I agree Old Hunter. There were alot of people at that rally that day and it SEEMED to go very well (support promised all over the place). But when push came to shove, the whole thing died in a hurry. :eyeroll: Very disheartening. I'm glad to see that states are going to be able to manage game based on what they think is right inside their borders. :thumb:


----------



## Field Hunter (Mar 4, 2002)

One of you guys that were at that rally NEED to keep track of the issue very closely.....for instance, the Forum ran a story this morning on this an Peterson is quoted as saying this legislation does not change anything and they fully expect to continue their lawsuit.

When the time comes to re-elect Mr. Peterson, it sure would be nice to have a record of the issues and a record of how Mr. Peterson voted and didn't vote on MN waterfowl issues. Time for him to put up or shut up.


----------



## Dick Monson (Aug 12, 2002)

Reproduced below is the text of Sec.6036 from HR1268, as passed by Congress
and signed into law by the President last night.

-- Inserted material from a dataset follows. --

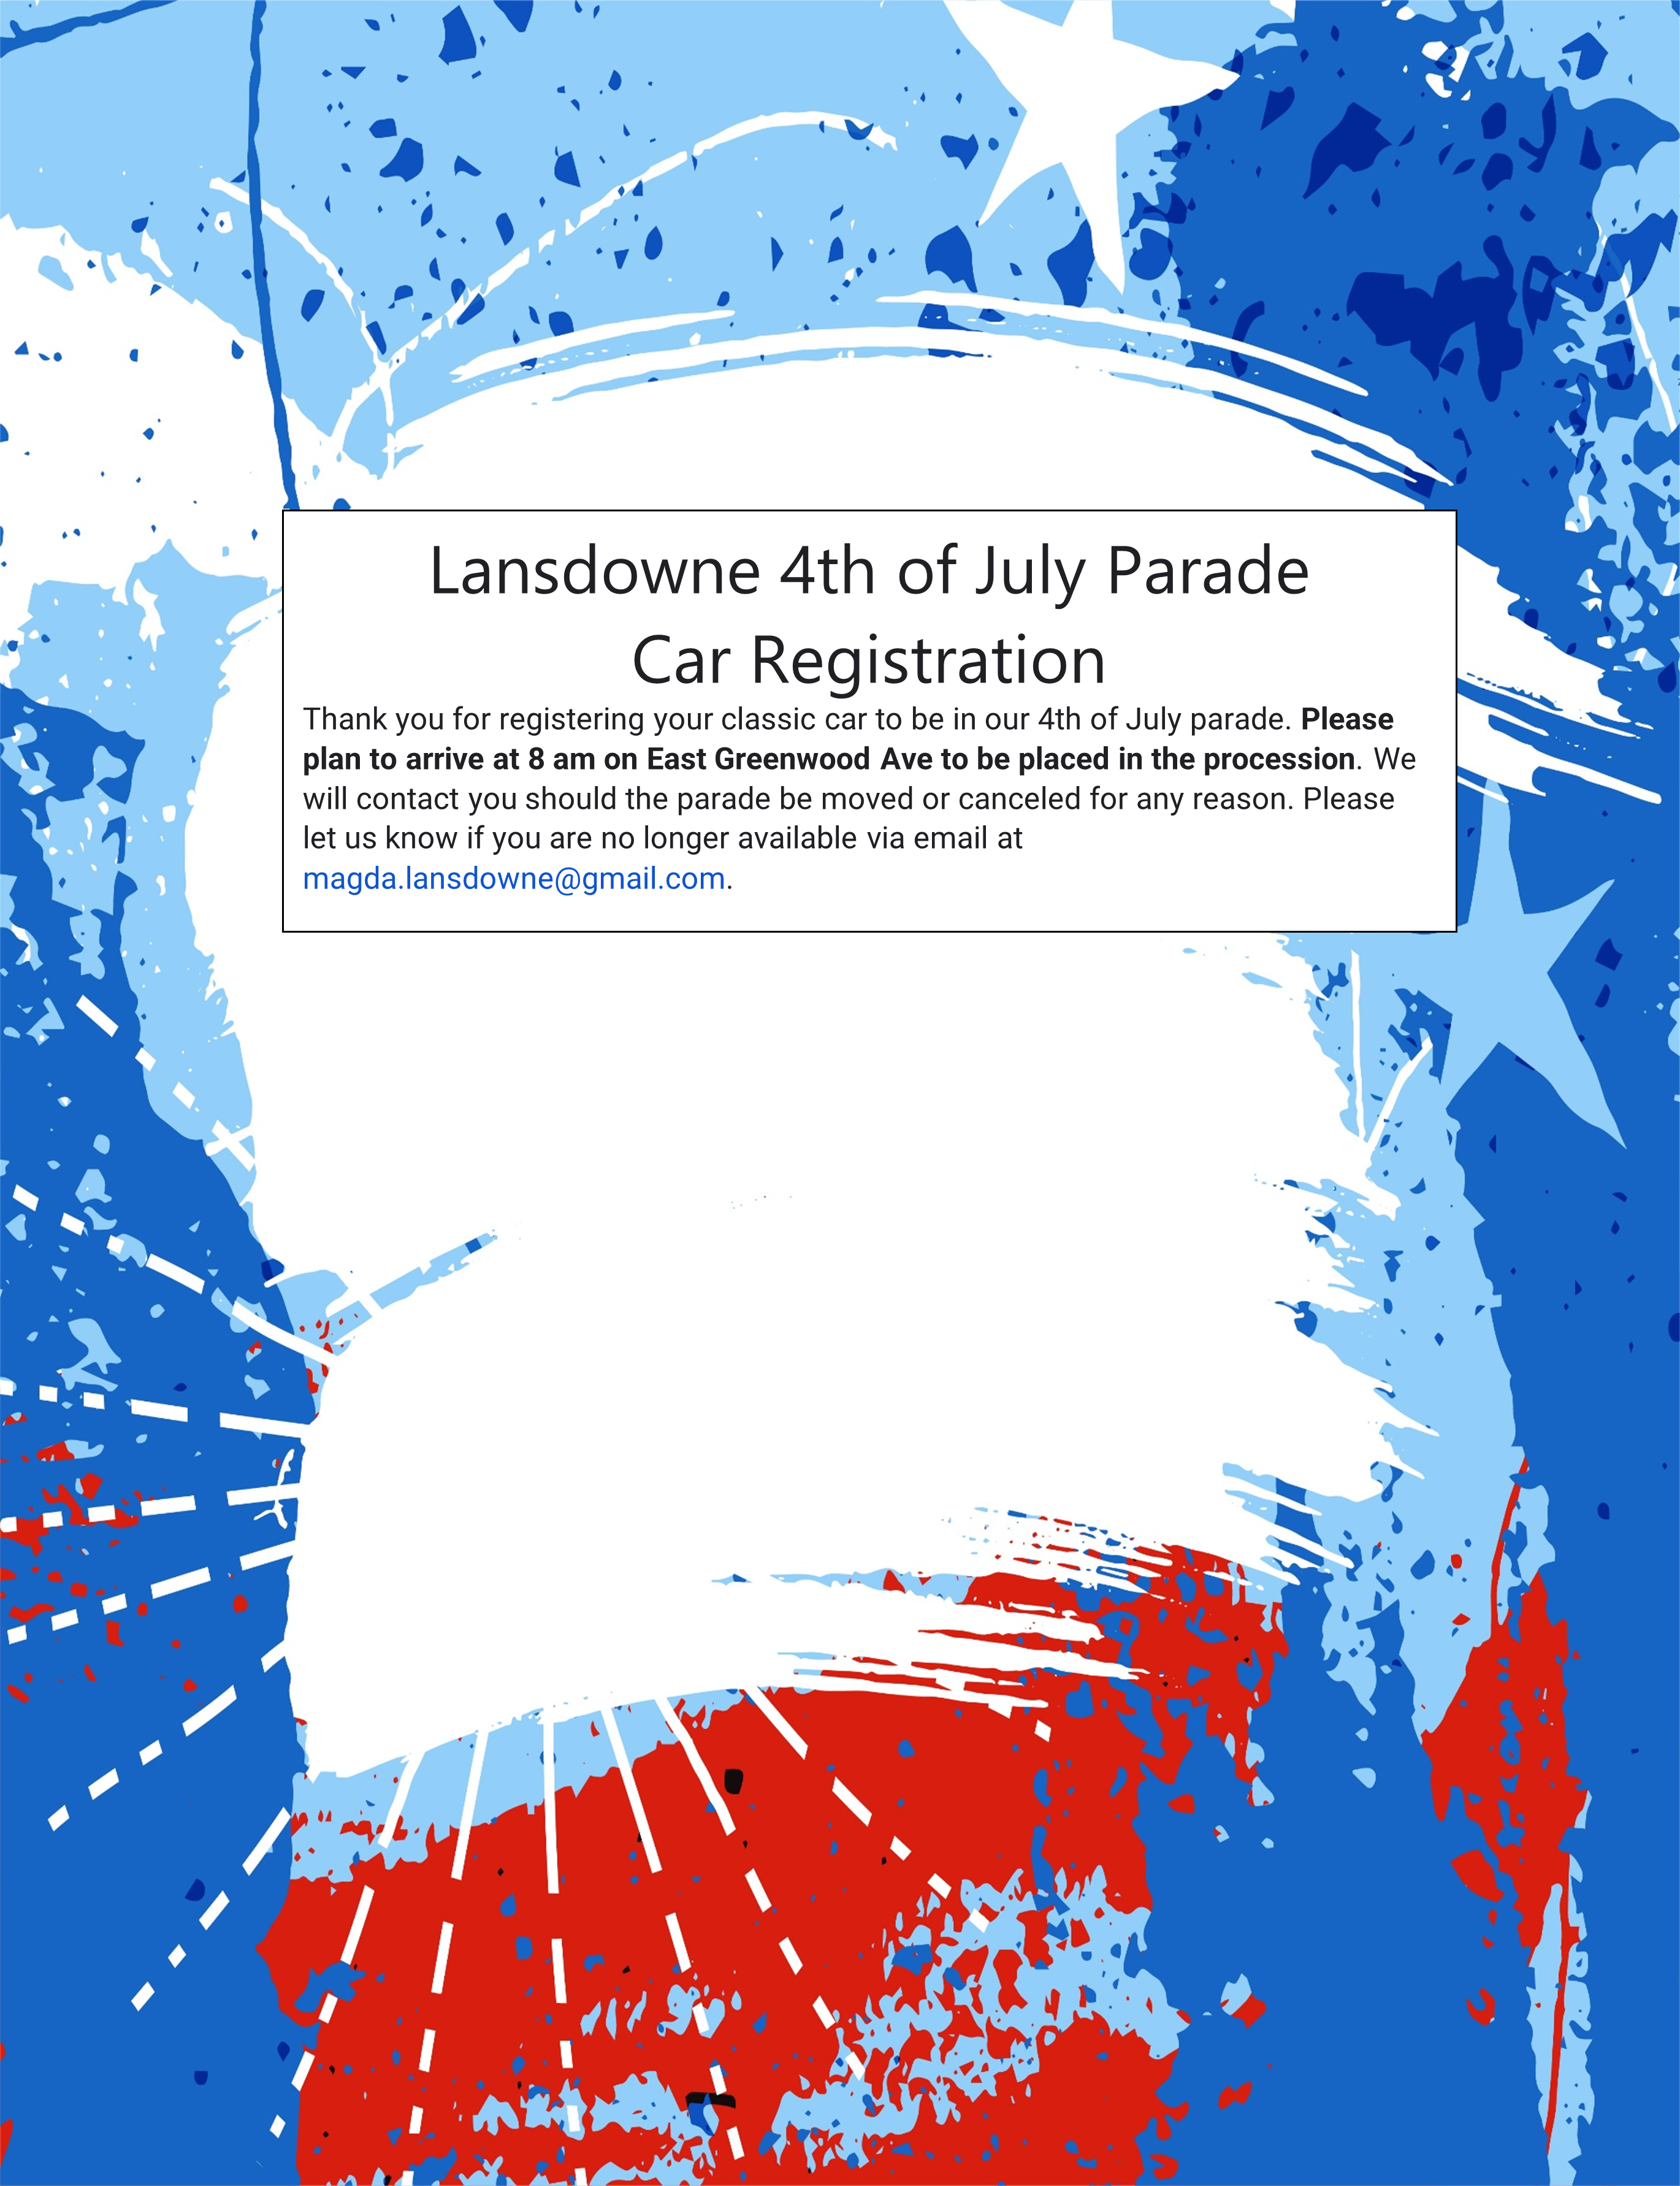 Lansdown 4th of July Parade

*************************************************************
>
>RESIDENT AND NONRESIDENT HUNTING AND FISHING REGULATIONS
>
>
>
>SEC. 6036. STATE REGULATION OF RESIDENT AND NONRESIDENT HUNTING AND 
>FISHING. (a) Short Title- This section may be cited as the `Reaffirmation 
>of State Regulation of Resident and Nonresident Hunting and Fishing Act of 
>2005'.
>(b) Declaration of Policy and Construction of Congressional Silence-
>(1) IN GENERAL- It is the policy of Congress that it is in the public 
>interest for each State to continue to regulate the taking for any purpose 
>of fish and wildlife within its boundaries, including by means of laws or 
>regulations that differentiate between residents and nonresidents of such 
>State with respect to the availability of licenses or permits for taking 
>of particular species of fish or wildlife, the kind and numbers of fish 
>and wildlife that may be taken, or the fees charged in connection with 
>issuance of licenses or permits for hunting or fishing.
>(2) CONSTRUCTION OF CONGRESSIONAL SILENCE- Silence on the part of Congress 
>shall not be construed to impose any barrier under clause 3 of Section 8 
>of Article I of the Constitution (commonly referred to as the `commerce 
>clause') to the regulation of hunting or fishing by a State or Indian
tribe.
>(c) Limitations- Nothing in this section shall be construed--
>(1) to limit the applicability or effect of any Federal law related to the 
>protection or management of fish or wildlife or to the regulation of
commerce;
>(2) to limit the authority of the United States to prohibit hunting or 
>fishing on any portion of the lands owned by the United States; or
>(3) to abrogate, abridge, affect, modify, supersede or alter any 
>treaty-reserved right or other right of any Indian tribe as recognized by 
>any other means, including, but not limited to, agreements with the United 
>States, Executive Orders, statutes, and judicial decrees, and by Federal
law.
>(d) State Defined- For purposes of this section, the term `State' includes 
>the several States, the District of Columbia, the Commonwealth of Puerto 
>Rico, Guam, the Virgin Islands, American Samoa, and the Commonwealth of 
>the Northern Mariana Islands.
:beer:


----------



## 4CurlRedleg (Aug 31, 2003)

It is the most heartening news we have had in a long while. Maybe there is light at the end of the tunnel.


----------